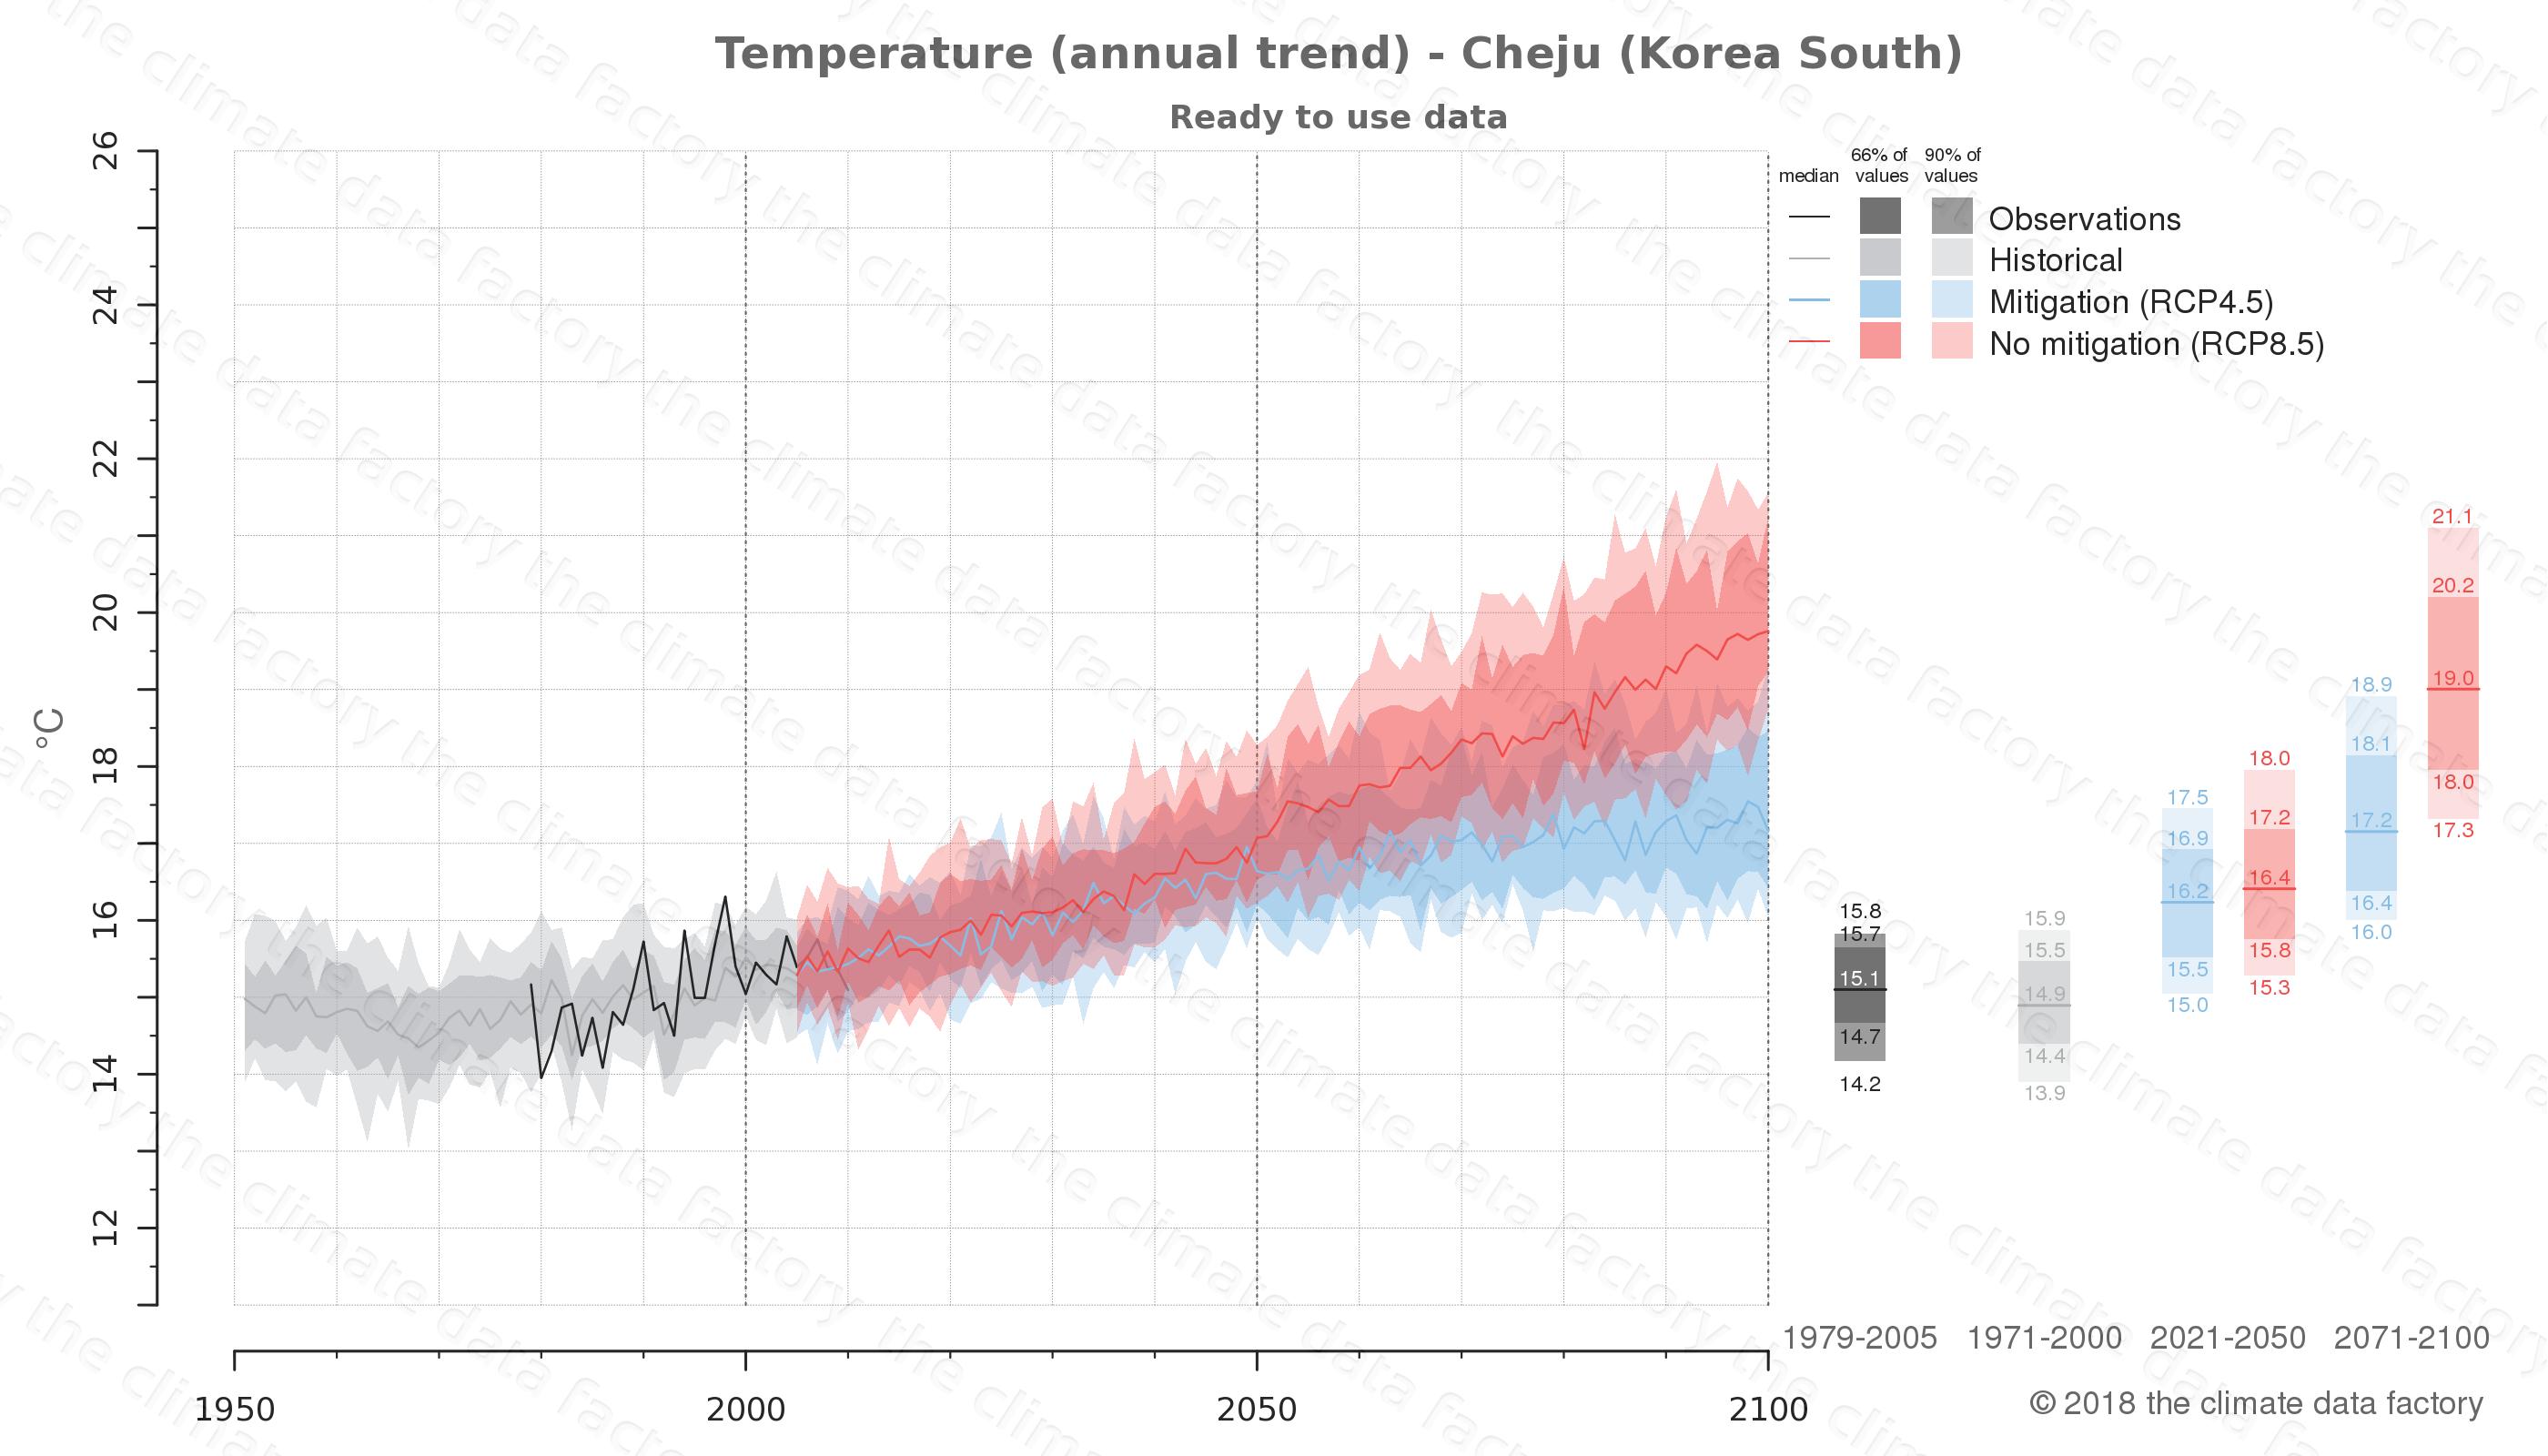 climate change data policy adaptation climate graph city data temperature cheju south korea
==
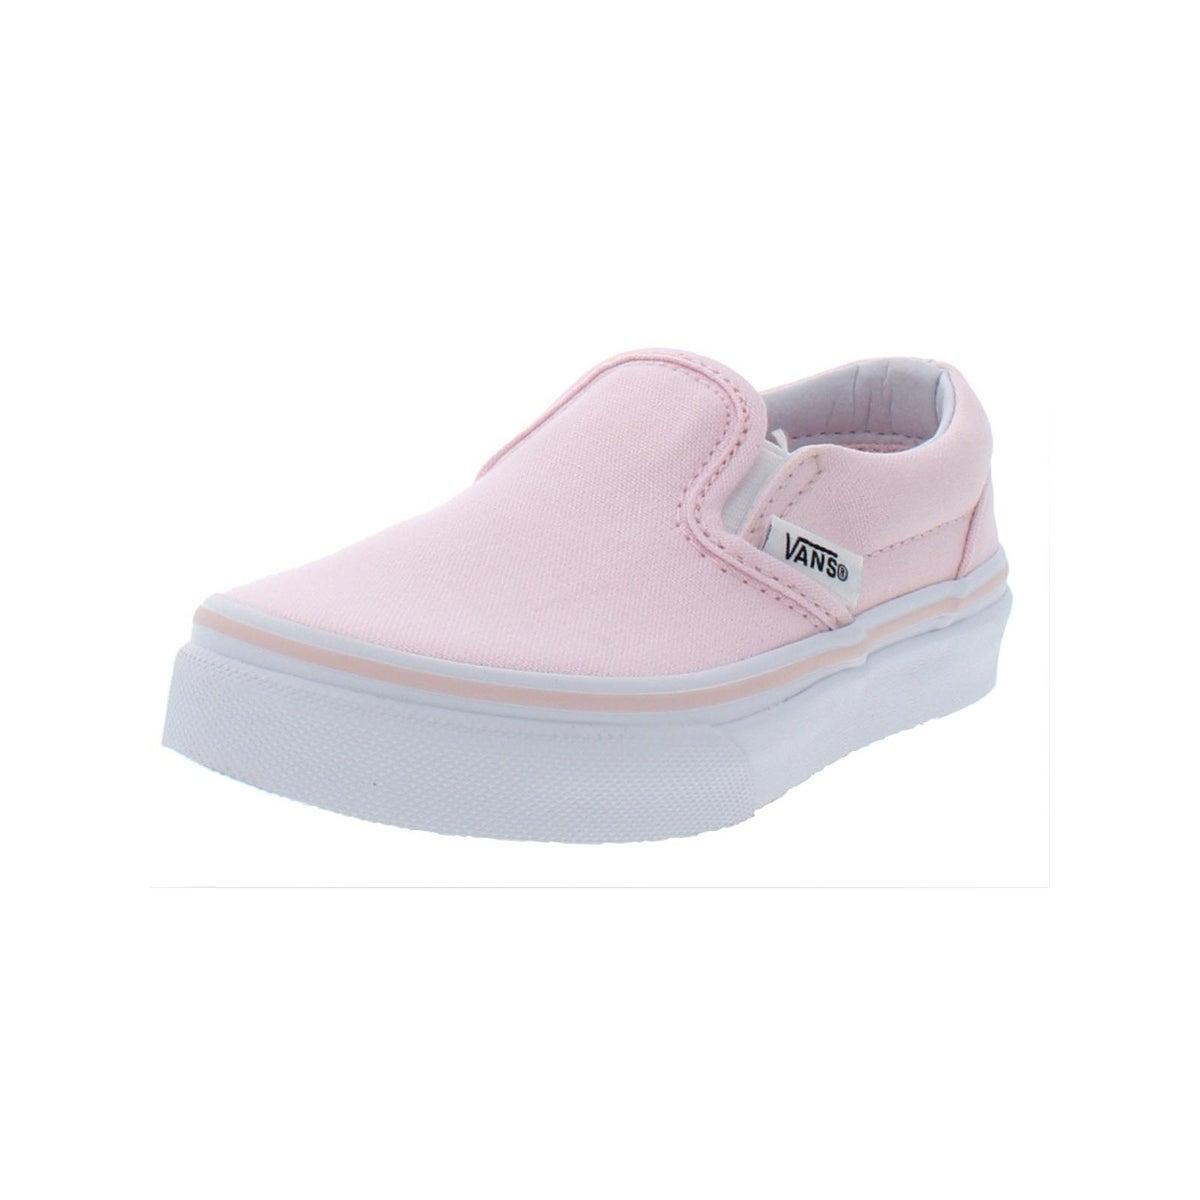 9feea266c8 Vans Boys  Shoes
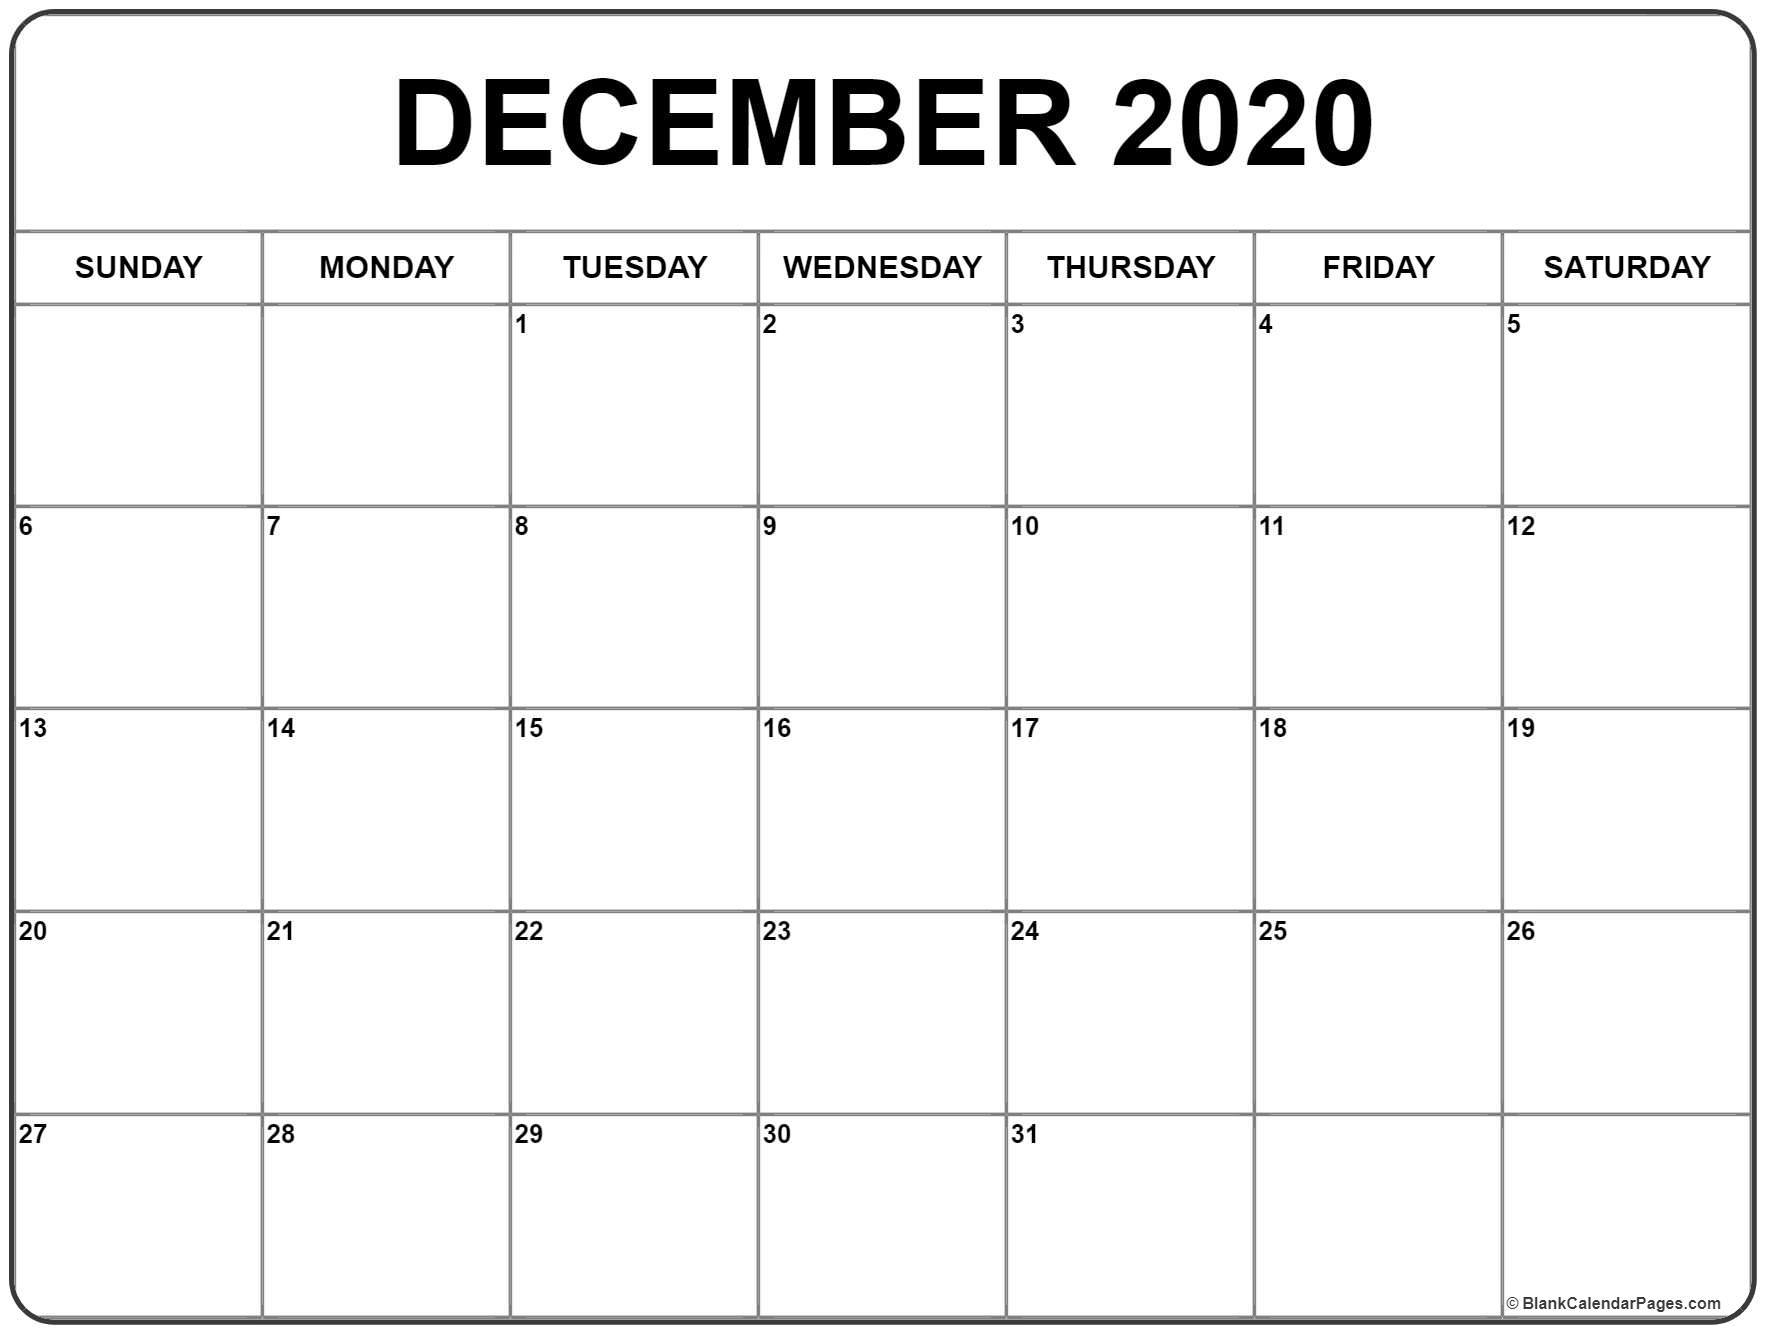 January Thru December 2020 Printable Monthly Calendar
* * *
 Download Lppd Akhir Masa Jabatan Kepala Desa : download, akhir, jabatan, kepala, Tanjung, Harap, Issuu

Task prompt -
Give back exactly the lines above from the one with "9feea266c8 Vans Boys" through the one with "January Thru December", both included. Pictures don't belong in the copy.

Result of the exercise -
 9feea266c8 Vans Boys  Shoes
 January Thru December 2020 Printable Monthly Calendar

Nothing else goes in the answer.